Wednesday, March 19, 2008

What is domestic violence?

Domestic violence is defined as a pattern of behavior in any intimate relationship where one person aims to gain or maintain power and control over the other person through abusive means. Abuse can be one or a combination of the following: physical, sexual, emotional, economic or psychological. This includes any behaviors that is meant to frighten, intimidate, terrorize, manipulate, hurt, humiliate, blame, injure or wound the other person. The act is abusive because these are delivered without the consent of the other partner and is repetitive. It can happen between partners in a romantic relationship or between an adult and a child.

The behavior of partners in a domestic violence situation is described as a cycle of violence. It is cyclical in the sense that episodes of conflict which may or may not include physical violence is followed by peacefulness and forgiveness, then followed with the same conflict that preceeded the calmness. The repetitive cycles may involve verbal altercations, physical violence or mental manipulations. In most cases, it doesn't start with physical abuse as much as it starts with verbal put downs that can erode the victim's self confidence and sense of self-worth (emotional abuse). Physical abuse can start with the abuser inflicting harm on persons close to the intended victim (like their own children) or the family pet; before physical harm is inflicted on the original intended victim. Yelling, screaming, breaking furniture, punching walls, shoving, grabbing, hitting, choking, punching or sexual attacks can add to the erosion of one's self-worth, resulting in continuity or repetition of the violent cycle.
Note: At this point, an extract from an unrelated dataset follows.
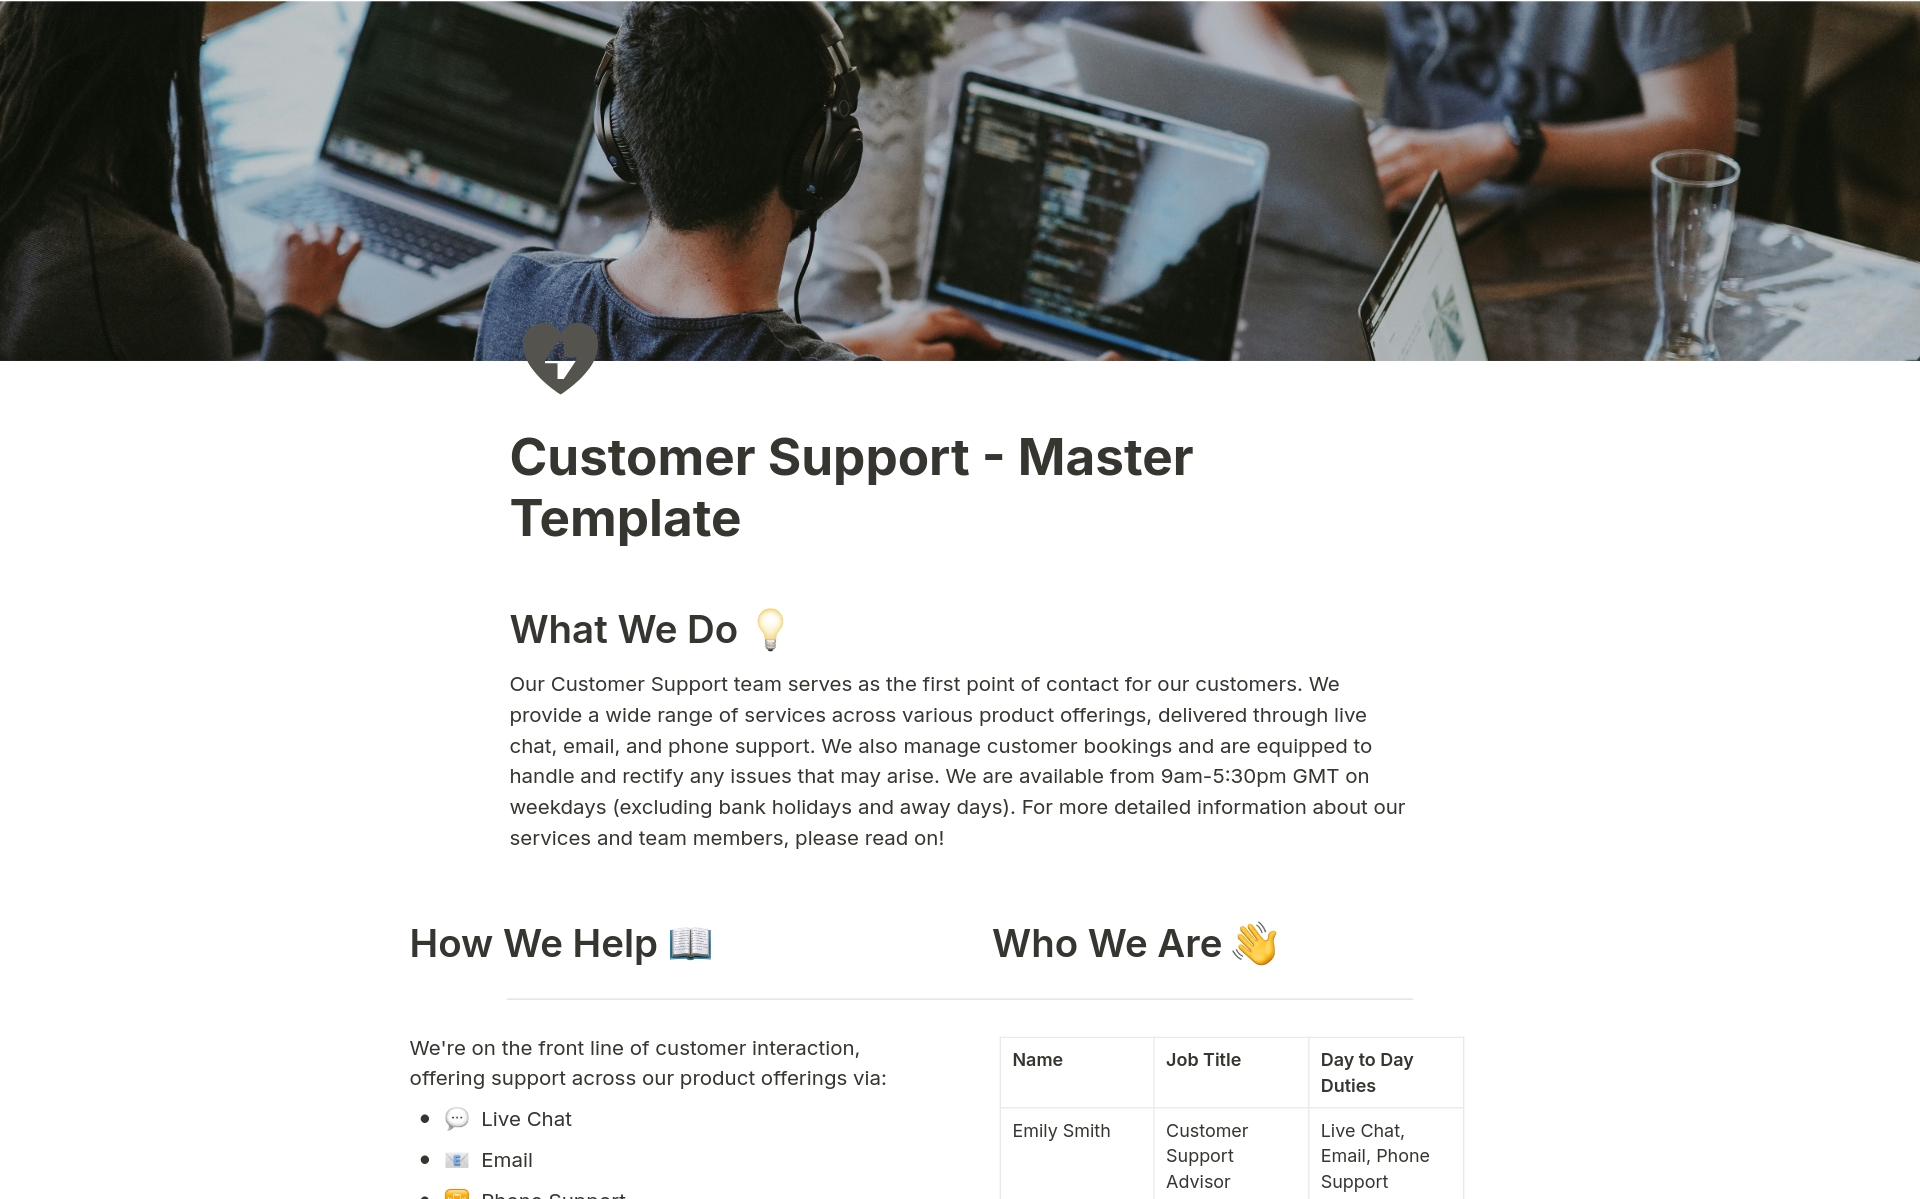 Vista previa de plantilla para Customer Support Management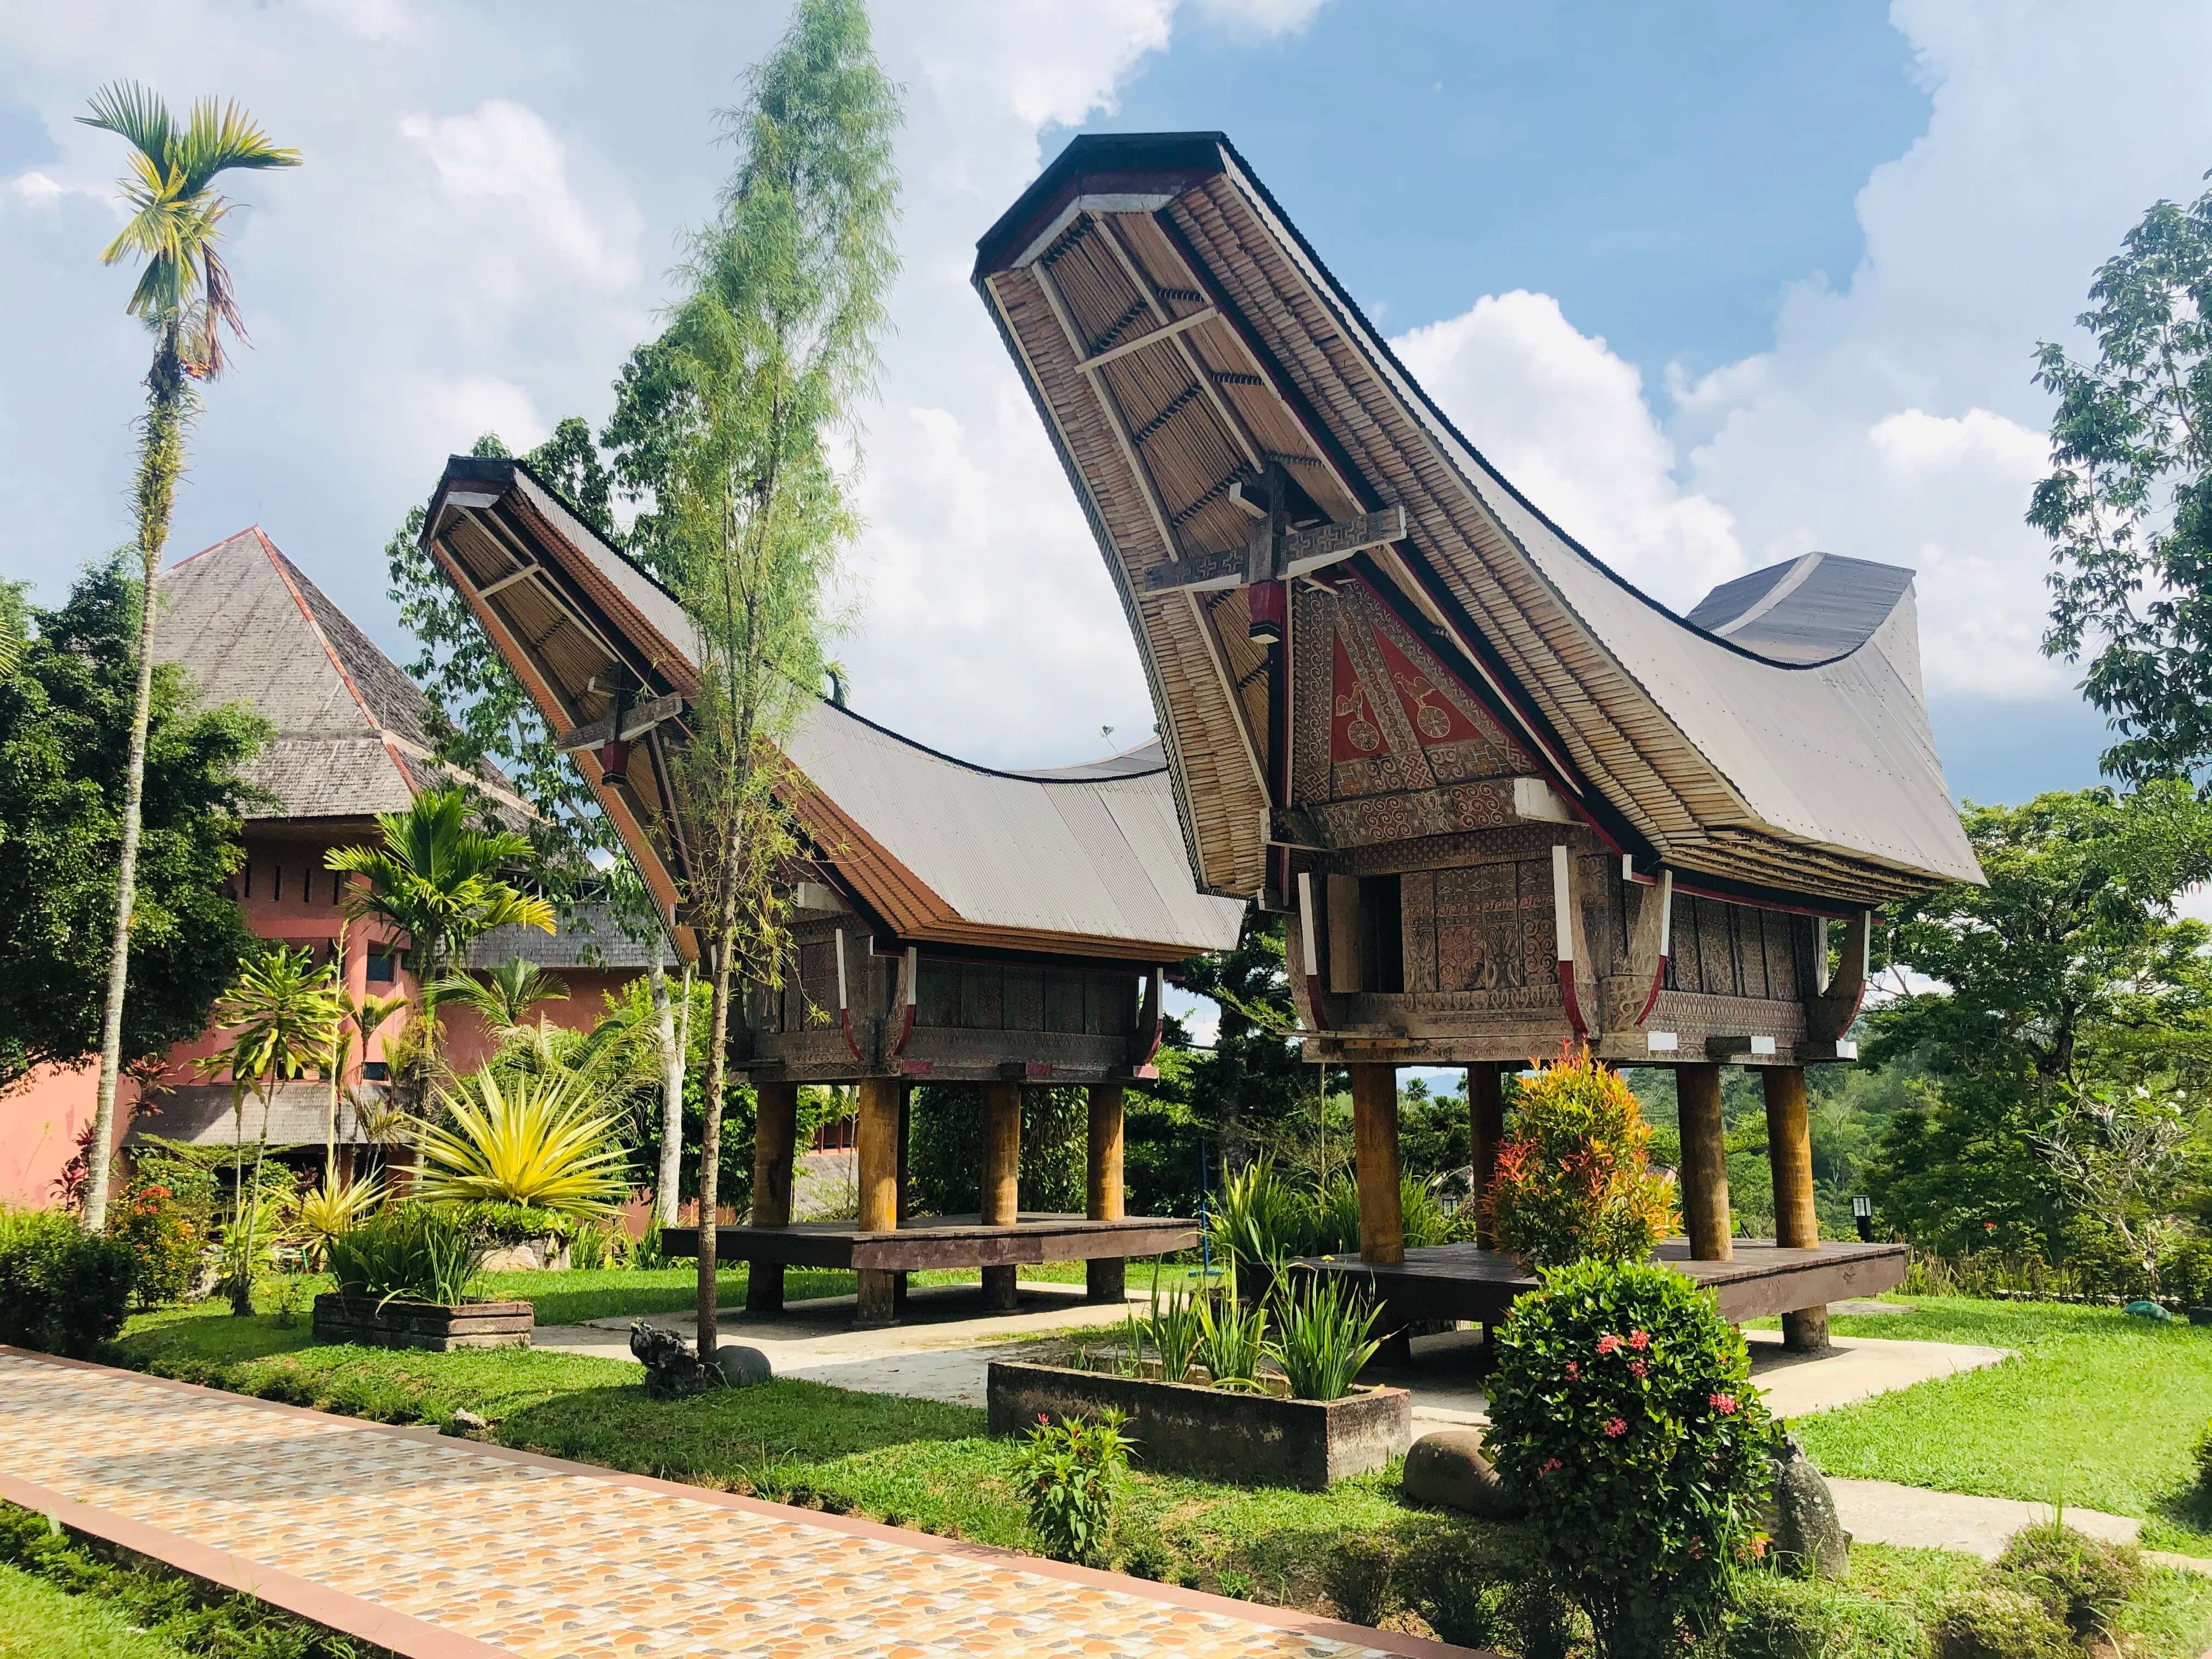 Maison traditionnelle de Sulawesi

Usually the victim isn't sure why the other person is mad or even what triggers the anger. And the angry partner blames the victim for causing anger. After the escalation of violence comes the apology, a stage of forgive and forget, and promises that it will never happen again. Things are better for awhile until the cycle resumes.

What are sign of domestic violence? Does your partner:
  • Criticize and degrade you?
  • Is jealous and possessive?
  • Controls every aspect of your life?
  • Isolates you from family and friends?
  • Controls your finances?
  • Threatens to hurt or kill you, your children or your pet?
  • Becomes violent and then blames you?

If the situations repeat and each episode of violence leaves you confused and helpless, and wanting for resolution; seek help. The manner by which abuse is inflicted can escalate from emotional to physical. The harm inflicted by your abuser can be directed towards others you value so highly: your children, your relatives, close friends and your pets. Seek help through counseling and find ways to protect yourself.